▶ **PROBLEM TO SOLVE**
Retype the listing that follows, exactly as written.

##### DATASET CONTENT

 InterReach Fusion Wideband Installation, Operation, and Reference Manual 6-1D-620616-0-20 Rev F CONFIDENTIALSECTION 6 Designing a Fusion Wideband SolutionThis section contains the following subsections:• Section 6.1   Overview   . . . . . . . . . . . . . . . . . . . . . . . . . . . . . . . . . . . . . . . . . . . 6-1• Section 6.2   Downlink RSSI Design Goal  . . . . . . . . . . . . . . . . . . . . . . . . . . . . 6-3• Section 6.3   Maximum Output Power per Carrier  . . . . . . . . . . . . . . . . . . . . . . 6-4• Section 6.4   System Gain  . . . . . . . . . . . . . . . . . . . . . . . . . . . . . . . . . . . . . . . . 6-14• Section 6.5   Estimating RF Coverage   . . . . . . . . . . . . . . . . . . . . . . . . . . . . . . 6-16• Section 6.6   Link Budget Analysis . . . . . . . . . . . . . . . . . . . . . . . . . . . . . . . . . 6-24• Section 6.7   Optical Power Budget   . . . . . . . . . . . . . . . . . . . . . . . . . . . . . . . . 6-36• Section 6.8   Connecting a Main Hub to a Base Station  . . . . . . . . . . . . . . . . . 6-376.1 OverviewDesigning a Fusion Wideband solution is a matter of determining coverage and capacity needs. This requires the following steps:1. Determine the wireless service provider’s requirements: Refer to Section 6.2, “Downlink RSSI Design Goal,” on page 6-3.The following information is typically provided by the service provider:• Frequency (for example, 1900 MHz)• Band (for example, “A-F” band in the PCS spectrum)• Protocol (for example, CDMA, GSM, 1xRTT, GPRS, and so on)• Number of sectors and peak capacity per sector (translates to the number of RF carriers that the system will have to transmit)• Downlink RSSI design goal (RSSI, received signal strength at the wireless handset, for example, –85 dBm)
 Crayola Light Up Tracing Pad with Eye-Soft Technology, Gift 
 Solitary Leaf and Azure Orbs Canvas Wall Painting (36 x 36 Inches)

##########

▶ **EXERCISE ANSWER**
 InterReach Fusion Wideband Installation, Operation, and Reference Manual 6-1D-620616-0-20 Rev F CONFIDENTIALSECTION 6 Designing a Fusion Wideband SolutionThis section contains the following subsections:• Section 6.1   Overview   . . . . . . . . . . . . . . . . . . . . . . . . . . . . . . . . . . . . . . . . . . . 6-1• Section 6.2   Downlink RSSI Design Goal  . . . . . . . . . . . . . . . . . . . . . . . . . . . . 6-3• Section 6.3   Maximum Output Power per Carrier  . . . . . . . . . . . . . . . . . . . . . . 6-4• Section 6.4   System Gain  . . . . . . . . . . . . . . . . . . . . . . . . . . . . . . . . . . . . . . . . 6-14• Section 6.5   Estimating RF Coverage   . . . . . . . . . . . . . . . . . . . . . . . . . . . . . . 6-16• Section 6.6   Link Budget Analysis . . . . . . . . . . . . . . . . . . . . . . . . . . . . . . . . . 6-24• Section 6.7   Optical Power Budget   . . . . . . . . . . . . . . . . . . . . . . . . . . . . . . . . 6-36• Section 6.8   Connecting a Main Hub to a Base Station  . . . . . . . . . . . . . . . . . 6-376.1 OverviewDesigning a Fusion Wideband solution is a matter of determining coverage and capacity needs. This requires the following steps:1. Determine the wireless service provider’s requirements: Refer to Section 6.2, “Downlink RSSI Design Goal,” on page 6-3.The following information is typically provided by the service provider:• Frequency (for example, 1900 MHz)• Band (for example, “A-F” band in the PCS spectrum)• Protocol (for example, CDMA, GSM, 1xRTT, GPRS, and so on)• Number of sectors and peak capacity per sector (translates to the number of RF carriers that the system will have to transmit)• Downlink RSSI design goal (RSSI, received signal strength at the wireless handset, for example, –85 dBm)
 Crayola Light Up Tracing Pad with Eye-Soft Technology, Gift 
 Solitary Leaf and Azure Orbs Canvas Wall Painting (36 x 36 Inches)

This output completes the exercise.